_WORK TASK_: Print every line below exactly as written, but leave the pictures behind.

_INFORMATION SUPPLIED_:
== == ==

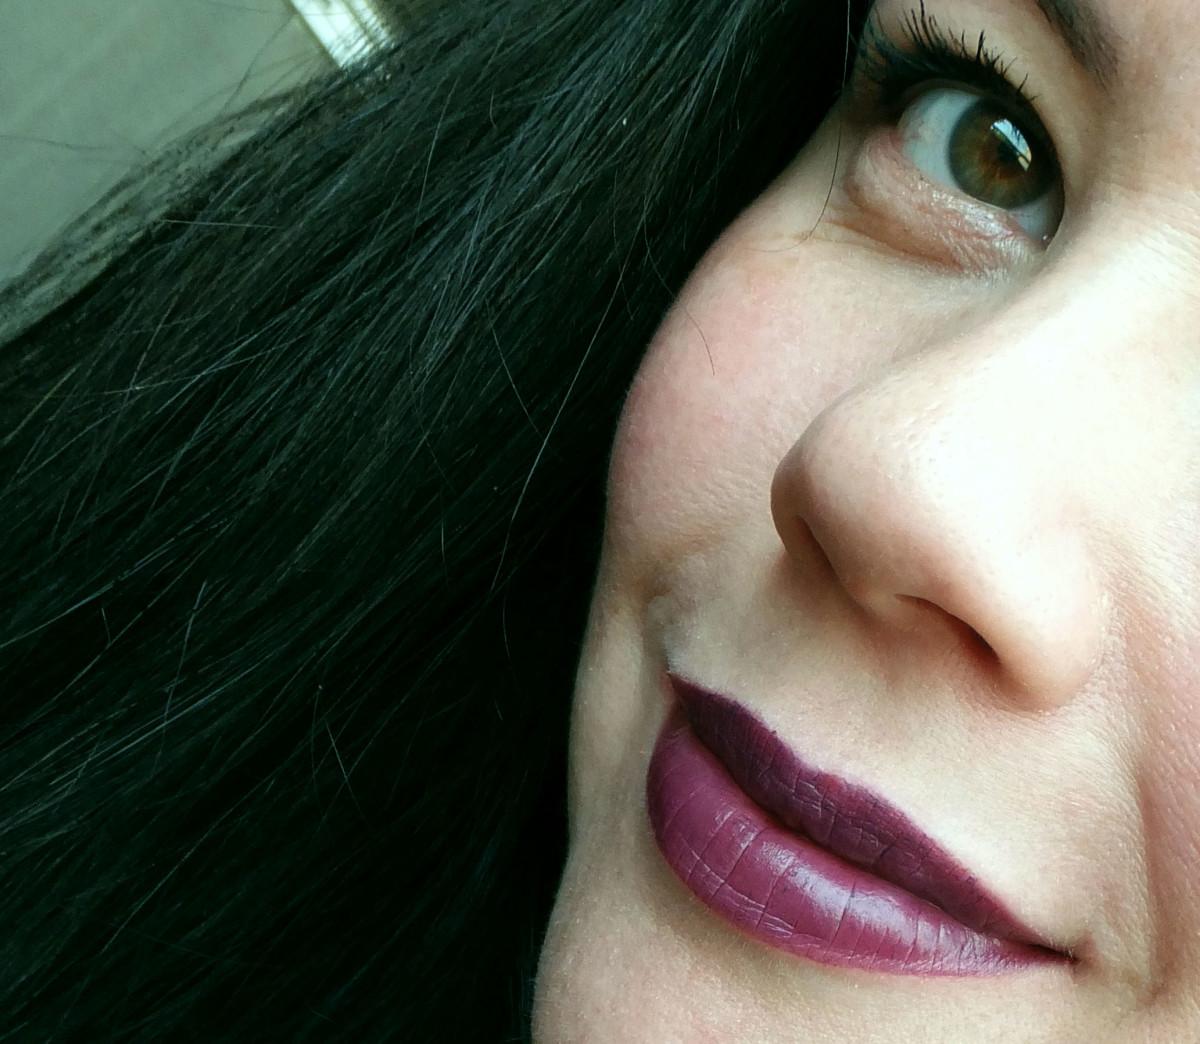 Rimmel London Lasting Finish by Kate lipstick_04
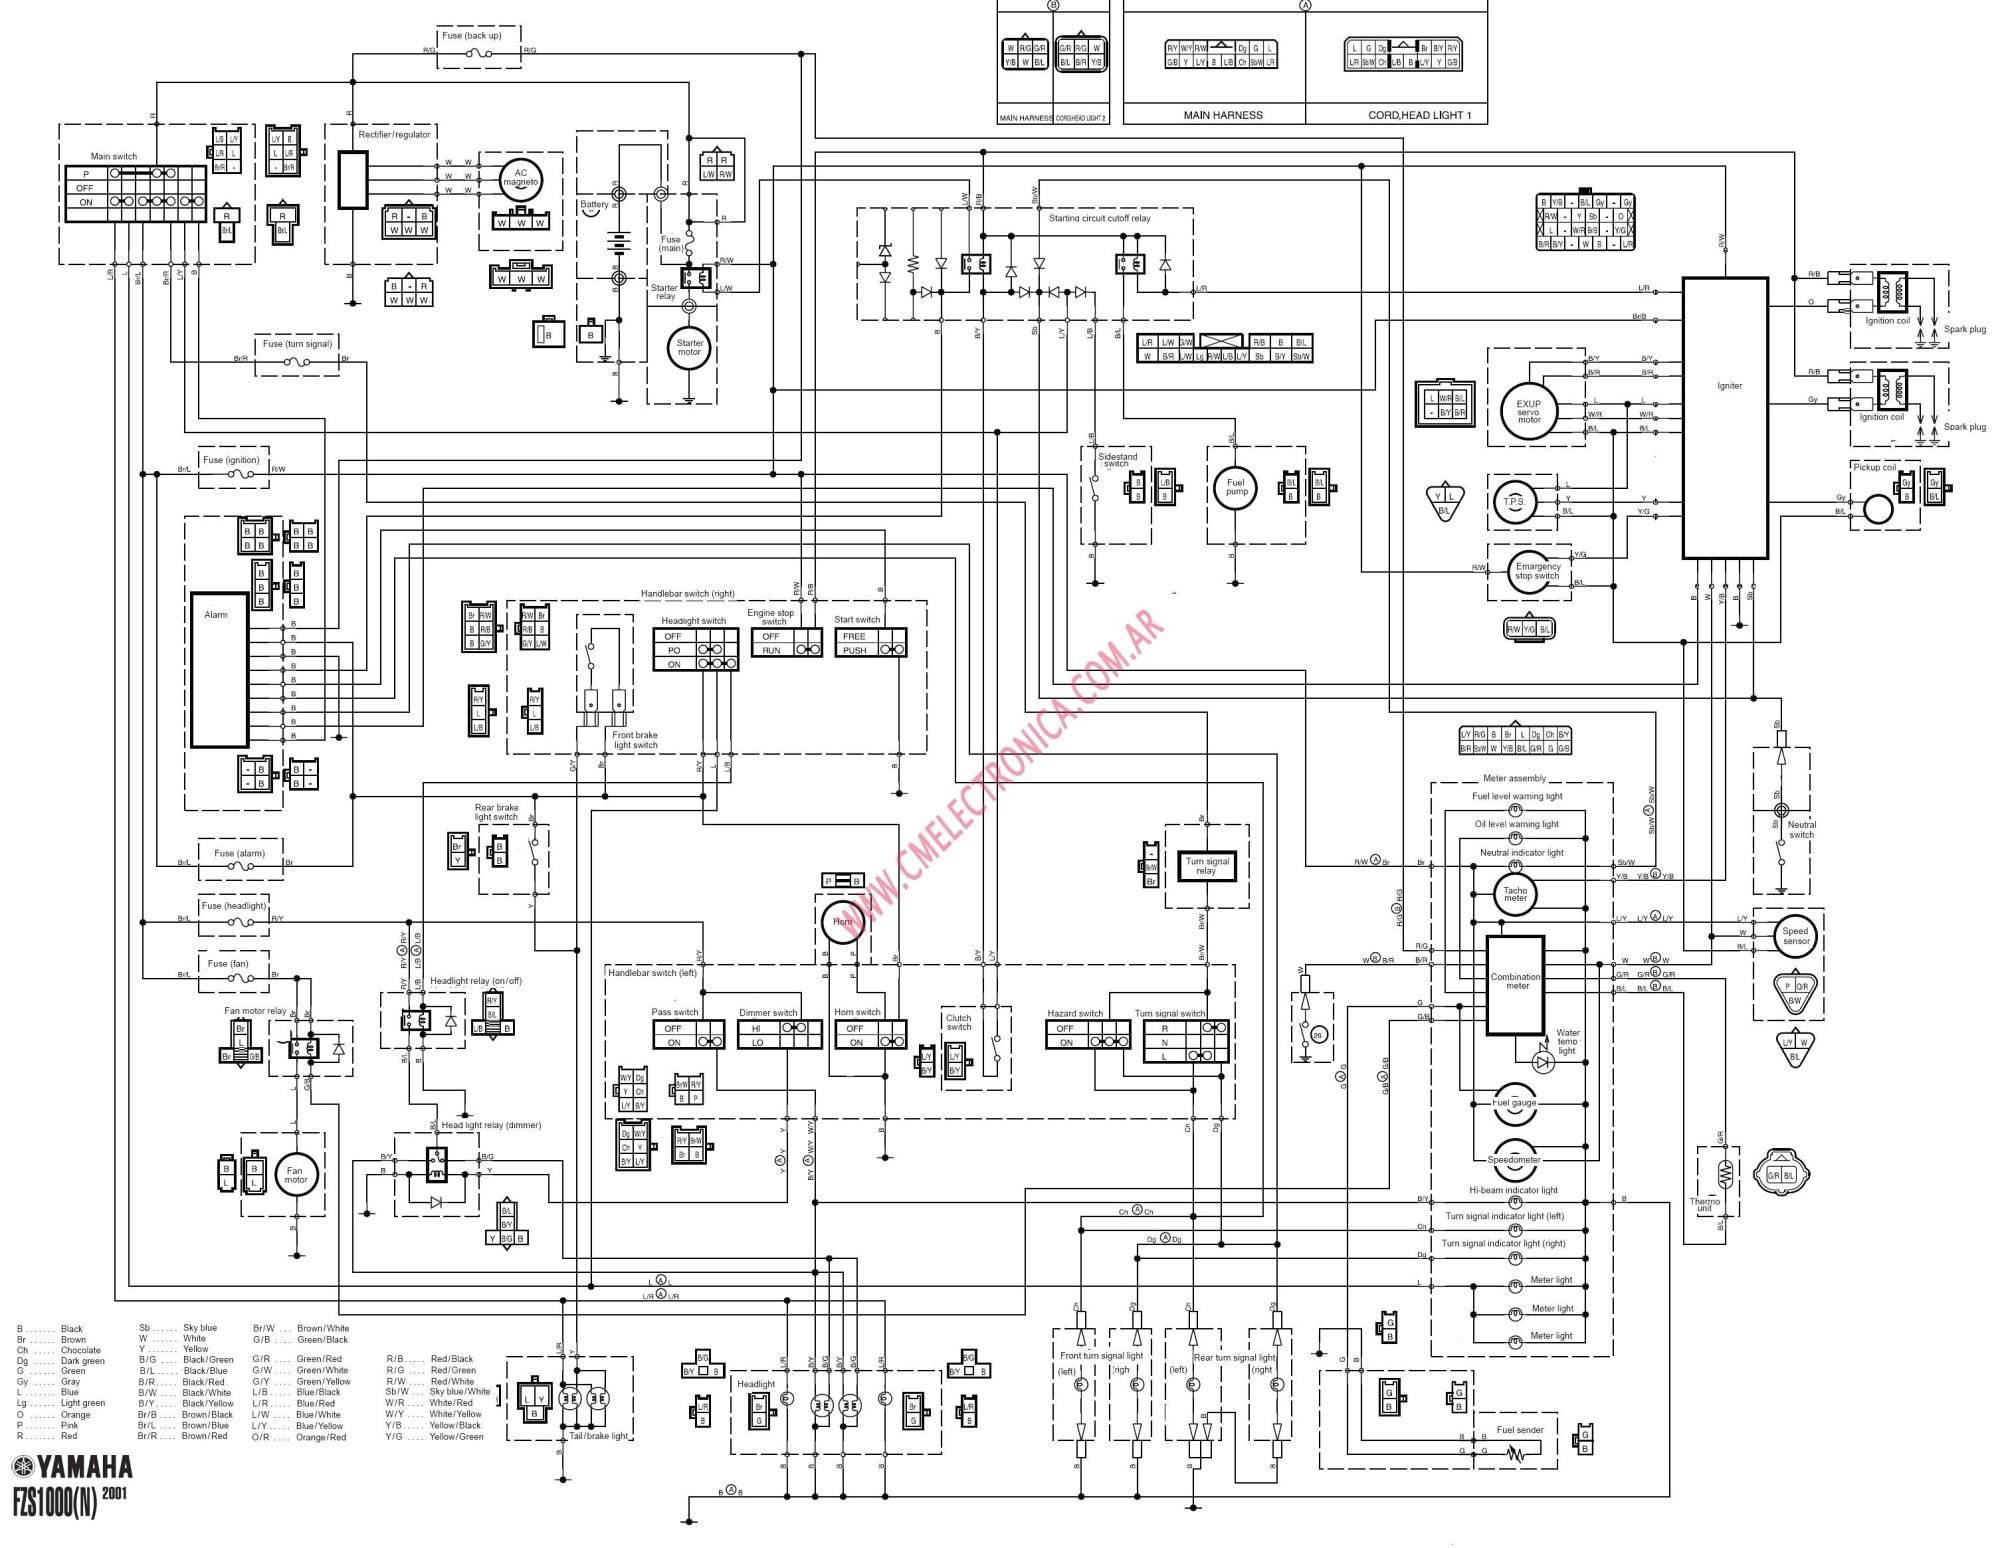 hight resolution of harley davidson coil wiring diagram luxury harley davidson coil wiring diagram inspirational magnificent harley harley davidson voltage regulator
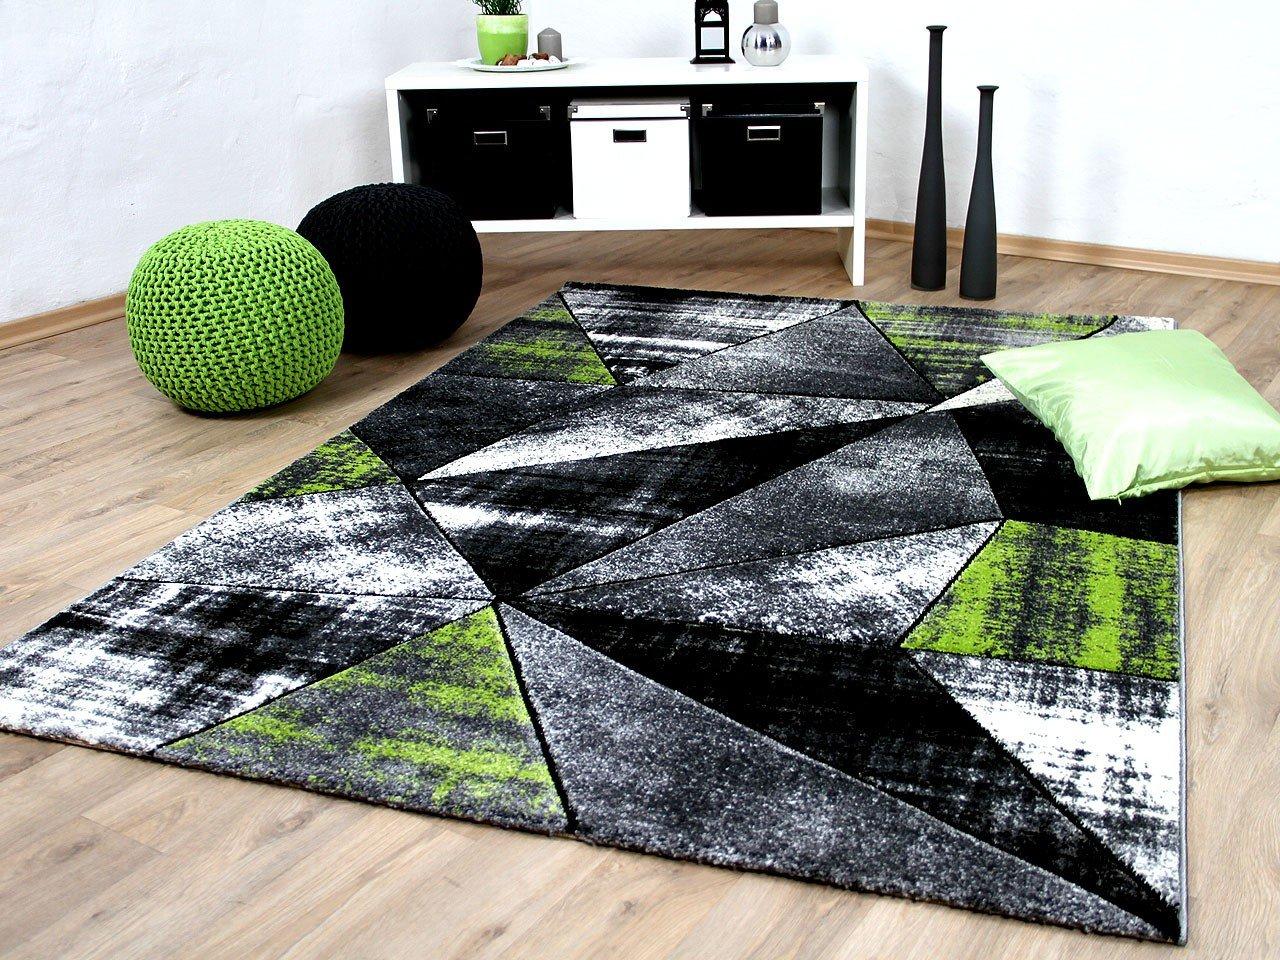 Designer Teppich Brilliant 5 Grau Grun Magic In 5 Brilliant Grossen

== == ==

_EXERCISE SOLUTION_:
 Rimmel London Lasting Finish by Kate lipstick_04
 hight resolution of harley davidson coil wiring diagram luxury harley davidson coil wiring diagram inspirational magnificent harley harley davidson voltage regulator
 Designer Teppich Brilliant 5 Grau Grun Magic In 5 Brilliant Grossen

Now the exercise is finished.